I'm using KVM, libvirt and DRBD to come up with a custom mirroring and
live migration setup.
I have two servers, each running KVM and libvirt, and both using DRBD
to mirror guests (which are stored on raw DRBD partitions). If I shut
down a guest on one, I can easily get it up and running on the other
without issue.
I have run into some file system corruption trouble if I try to do a
live migration. I have a test script just to test out the bare
functionality I'm looking for (this script would run on the second KVM
server; kvmserv02):
#!/bin/sh
if virsh -c qemu+ssh://kvmserv01/system list | grep -q " guest "; then
echo "Saving state on remote server..."
if ! virsh -c qemu+ssh://kvmserv01/system save guest --running
~/guest.save; then
echo "Could not save state of guest"
exit 1
fi
echo "Setting remote drbd node to secondary..."
if ! ssh root@kvmserv01 "drbdadm secondary guest"; then
echo "Could not change remote host to secondary for guest's DRBD
partition"
exit 1
fi
sleep 5
echo "Setting local drbd node to primary..."
if ! drbdadm primary guest; then
echo "Could not change this host to primary for guest's DRBD partition"
exit 1
fi
sleep 5
echo "Restoring state on local server..."

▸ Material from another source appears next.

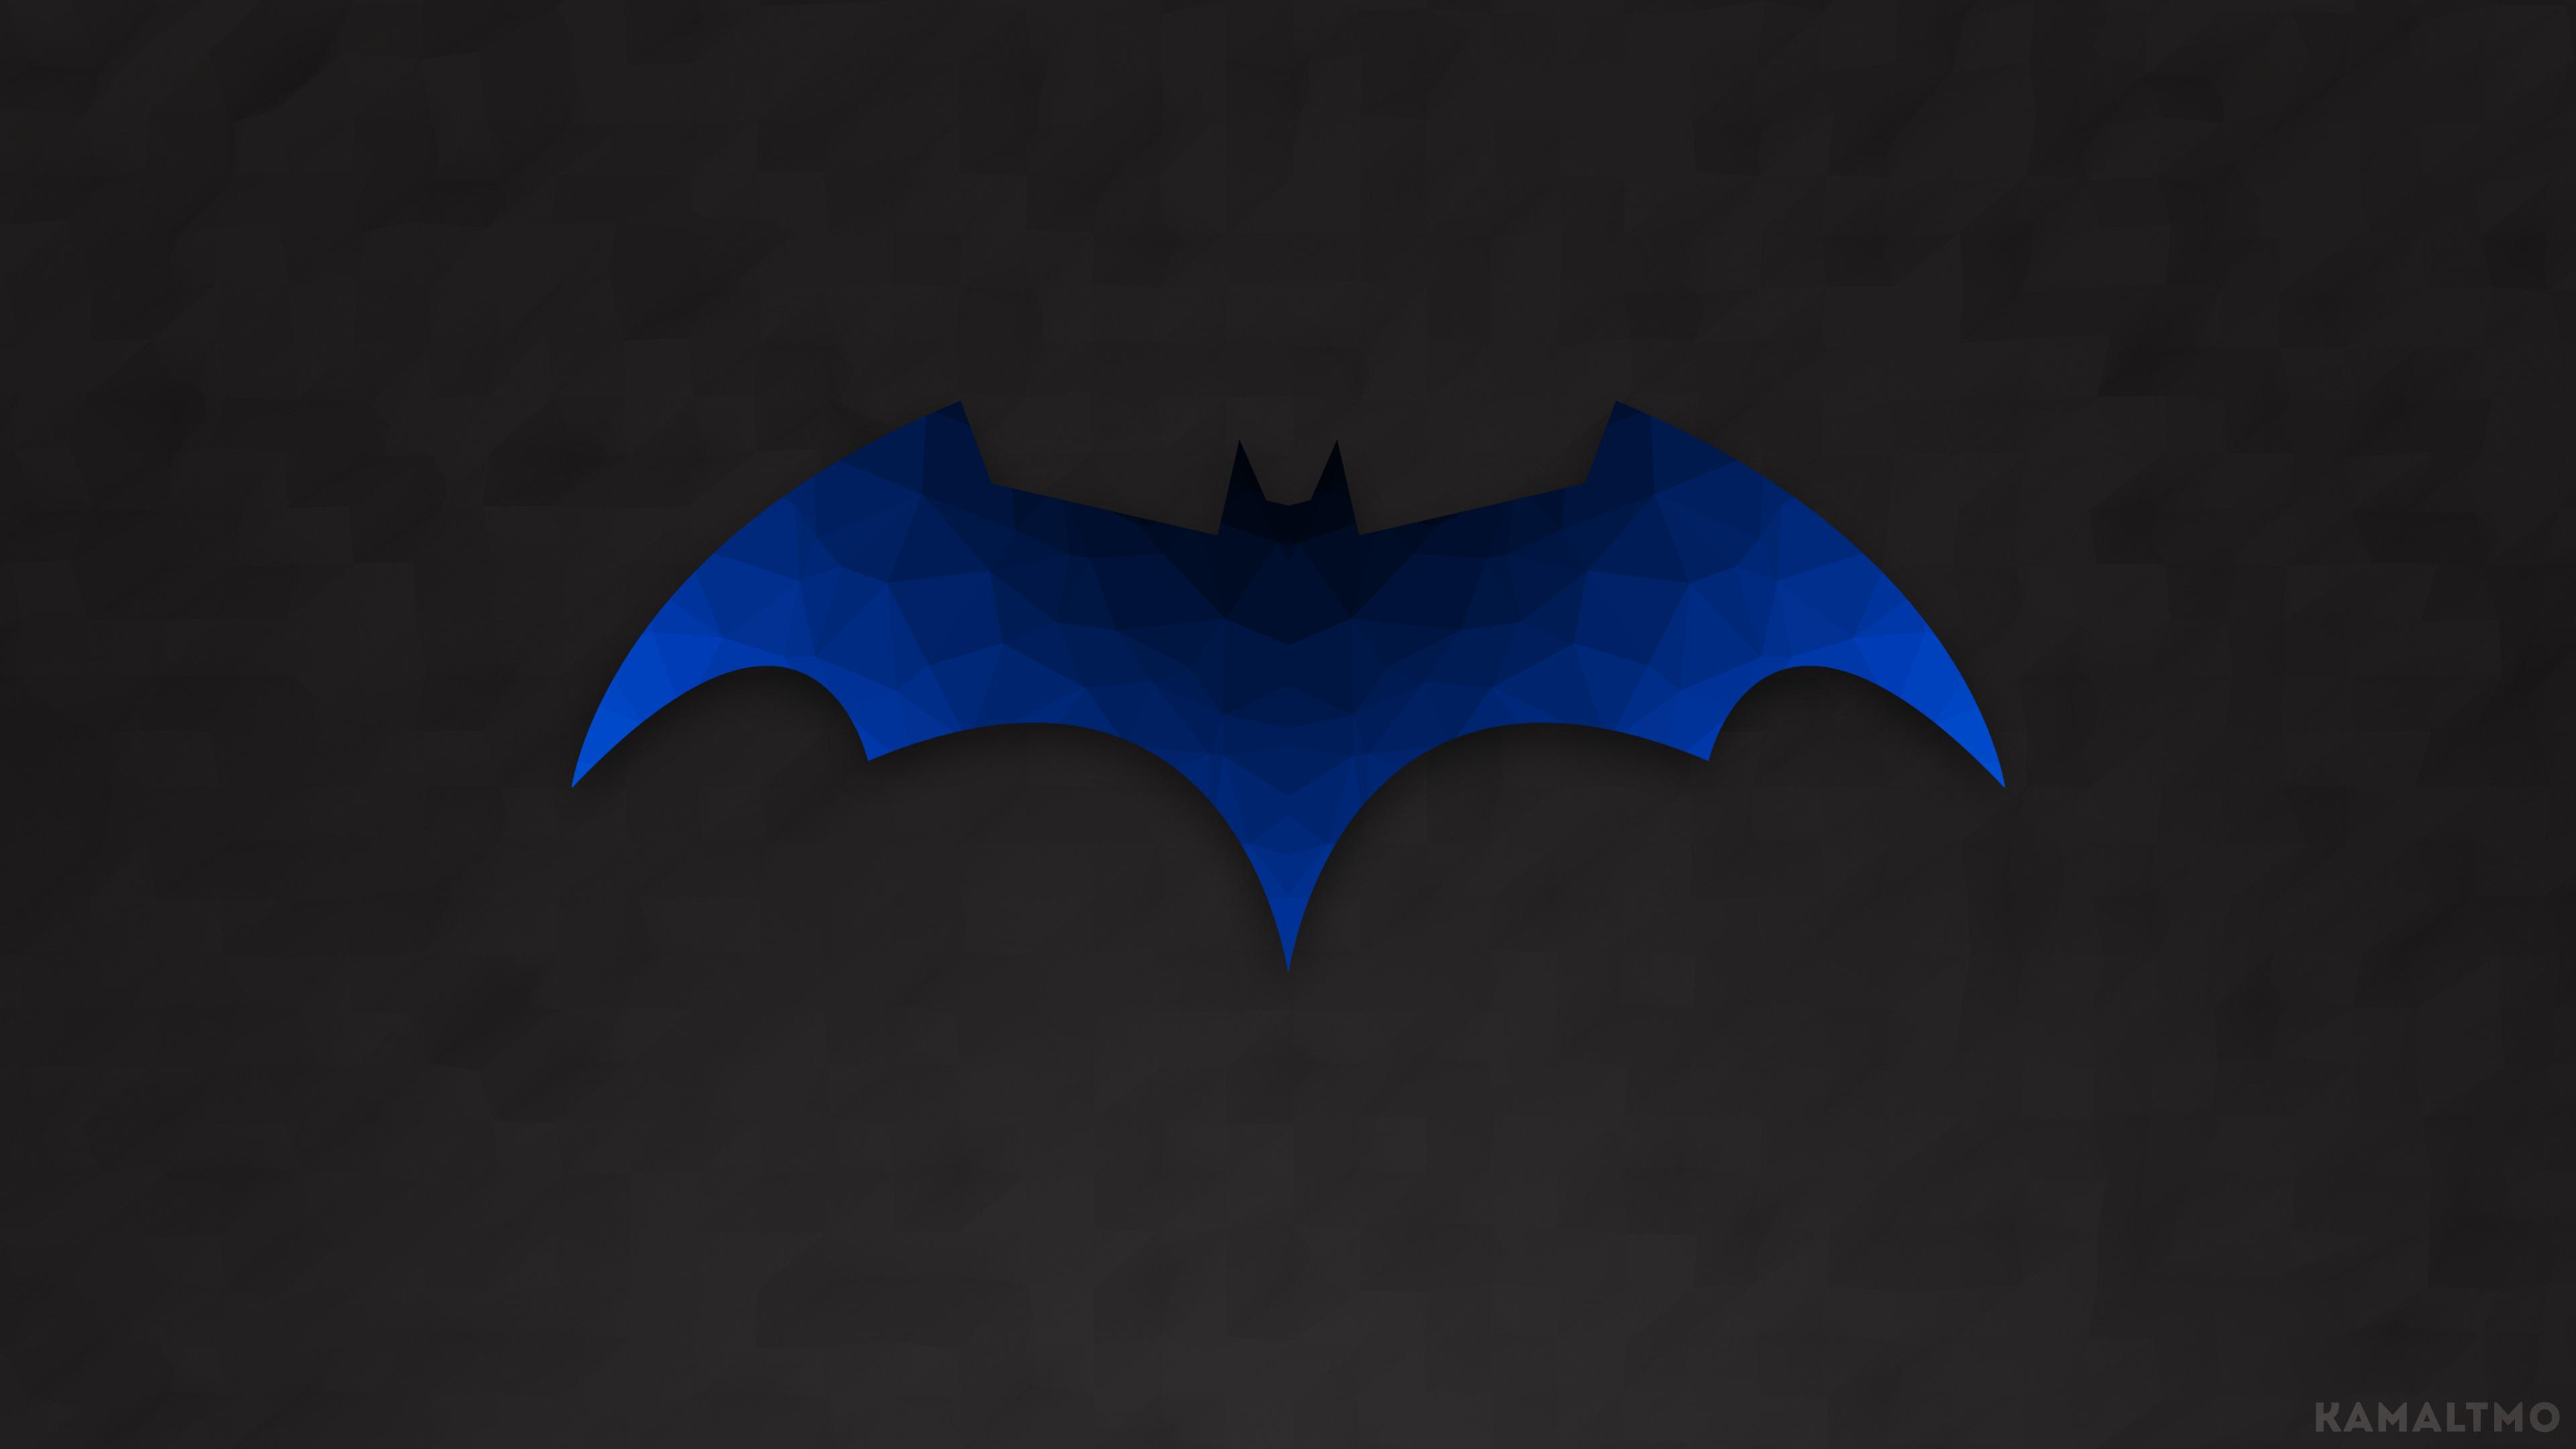 Masaüstü Yarasa Adam Batman Logosu Logo çokgen Sanat Düşük

if ! virsh restore ~/guest.save --running; then
echo "Could not restore guest state"
exit 1
fi
echo "Deleting state file on local server..."
rm -f ~/guest.save
else
echo 'guest not running on this host'
fi
# End of script
While the state is restored and the guest comes up on the second
server, I end up with filesystem corruptions. My first test guest had
its file system pretty heavily damaged after a few moves back and
forth.
What am I missing here? Or is this just simply a really horrible way to do it?
--
Aaron Clausen
mightymartianca(a)gmail.com